As advanced technologies such as artificial intelligence (AI) software development, machine learning (ML) development, and a variety of complicated rule-based algorithms enable applications and computing systems to become progressively intelligent and responsive to human actions, applications have a variety of options for enhancing their capabilities. While rule-based algorithms have traditionally worked on the basis of pre-defined rules and circumstances, AI and machine learning systems can now make rapid decisions depending on user inputs and context.
So, should you deploy AI-based intelligent algorithms or systems, or rule-based algorithms or systems? Both of these options have their own virtues. We’ll go through both of these tactics, as well as their benefits and drawbacks, in this article.
A rule-based algorithm always takes action in accordance with a set of rules and circumstances. These principles might be either basic or quite complicated. Because it is limited to responding within the realm of pre-defined rules and circumstances, such algorithms are unable to handle any new query or condition that they are unfamiliar with.
Additionally, they may be utilized for a broad range of applications and purposes due to their flexibility and uncomplicated approach. The rule-based approach may be successful and beneficial for a variety of applications, from basic apps to websites to complex systems that need to reply in a binary manner.

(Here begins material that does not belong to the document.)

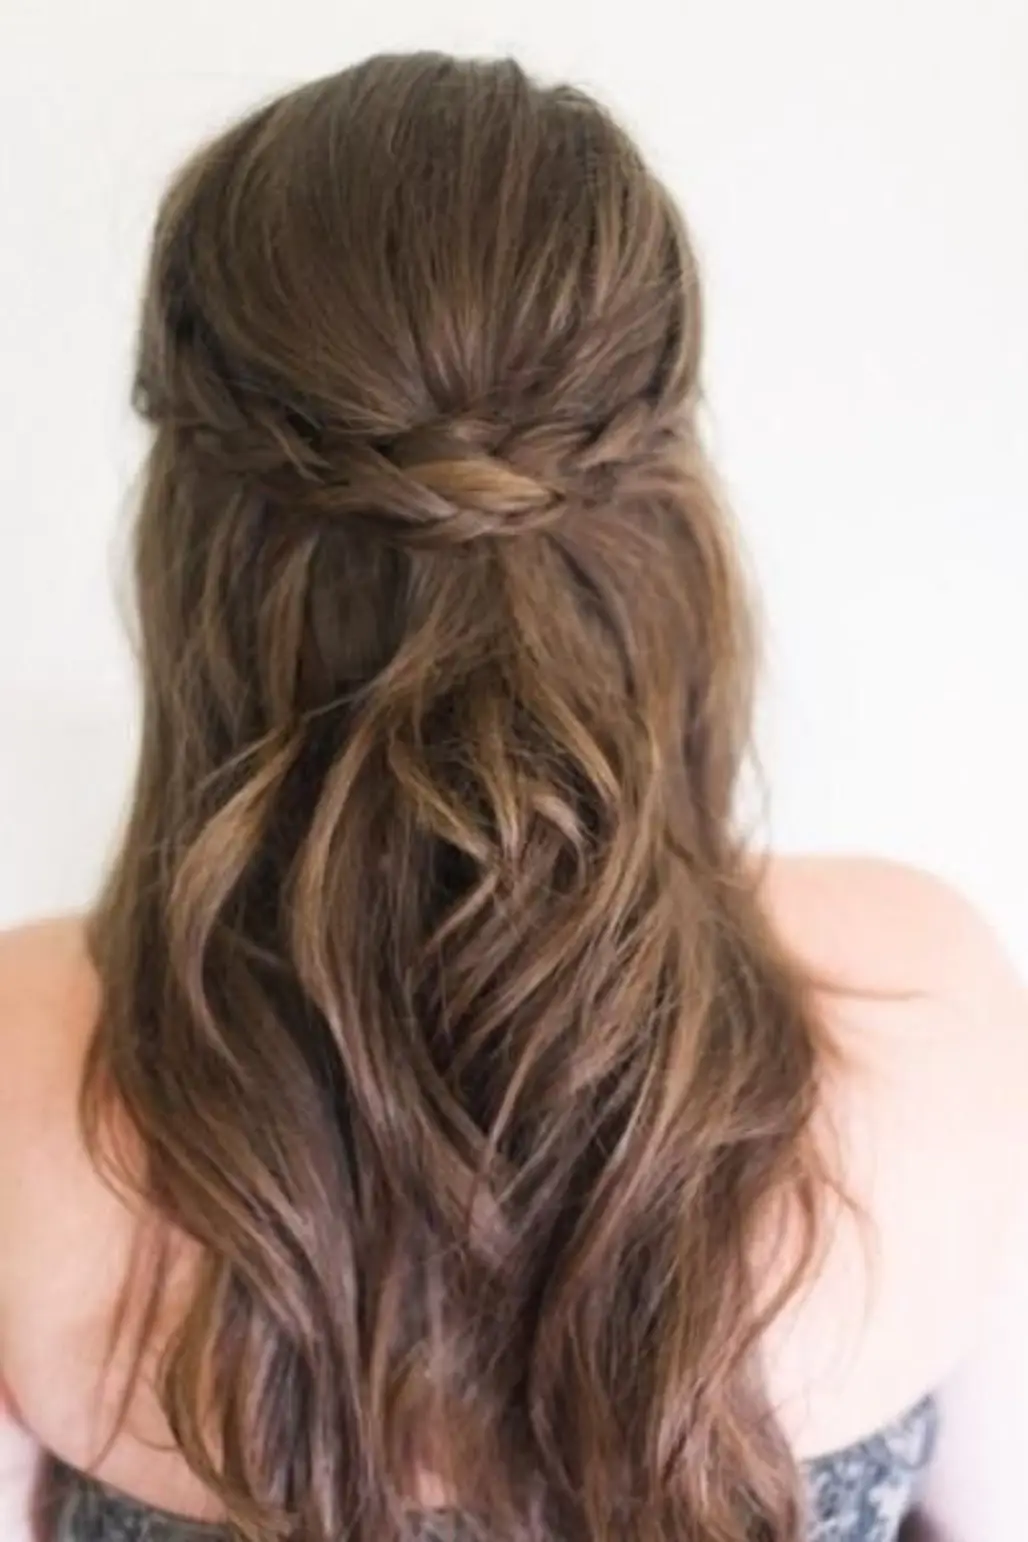 With a Crown Braid

Let us now discuss the advantages and disadvantages of the rule-based approach.
Advantages of the rule-based approach
- The rule-based method is simple to set up and incorporate into existing systems.
- Because the rule-based method is so basic, it’s perfect for simple applications.
- Because rule-based algorithms have been employed in so many systems, they have an industry standard of best practices to adhere to.
- The rule-based method is less costly and takes less time.
- A rule-based approach proved to be quite efficient for introducing basic Chatbots for FAQ or comparable sections.
Disadvantages of the rule-based approach
- When it comes to dealing with complicated problems and questions, the rule-based approach is severely constrained.
- Because the rule-based method is static, it can’t be modified or updated very often.
- Applications that are attempting to handle unique user circumstances may not benefit from rule-based techniques.
- The rule-based approach might be highly restricted in complicated and multidimensional applications.
Artificial Intelligence (AI) Based Systems
AI-powered intelligent systems, in comparison to rule-based systems, are more context-driven and proactive, interacting with and making decisions based on user input and responses.
Machine Learning, which is a part of artificial intelligence, takes it a step further by allowing computers to understand user interactions, replies, and activities and make judgments based on that information. AI-based systems, unlike rule-based systems, are constantly updated and get more sophisticated as fresh user inputs and information come in.
Let’s have a look at the major advantages and disadvantages of AI-based systems.
Advantages of AI-based system
- Machines and apps become more sophisticated and user-focused as a result of AI-based systems.
- For certain use cases, AI-based technologies enable apps to be more responsive and context-driven.
- There is a larger and greater scope of personalization as AI and ML systems strive to adapt to individual user preferences.
- AI-based systems will keep evolving, become more common, and more capable in the coming years.
- AI-driven systems are now backed by some of the world’s most prominent tech businesses.
Disadvantages of AI-based system
- Because AI-based systems are still in their infancy, there is no universal standard against which they may be evaluated.
- AI-based systems are costly to build in terms of both money and time.
- Proficiency in a range of technologies is required for AI-based development.
- It may be more difficult for small enterprises and startups to deploy AI technologies.
- AI and Machine Learning models must be updated with fresh data and data-driven insights on a regular basis.
Algorithms may be found practically anywhere. They have infiltrated every technological domain, from chatbots to basic linked products and smartphone applications. AI-based systems are anticipated to gain in popularity as a result of the rise of intelligent Chatbots, although rule-based systems will remain to exist for specific reasons.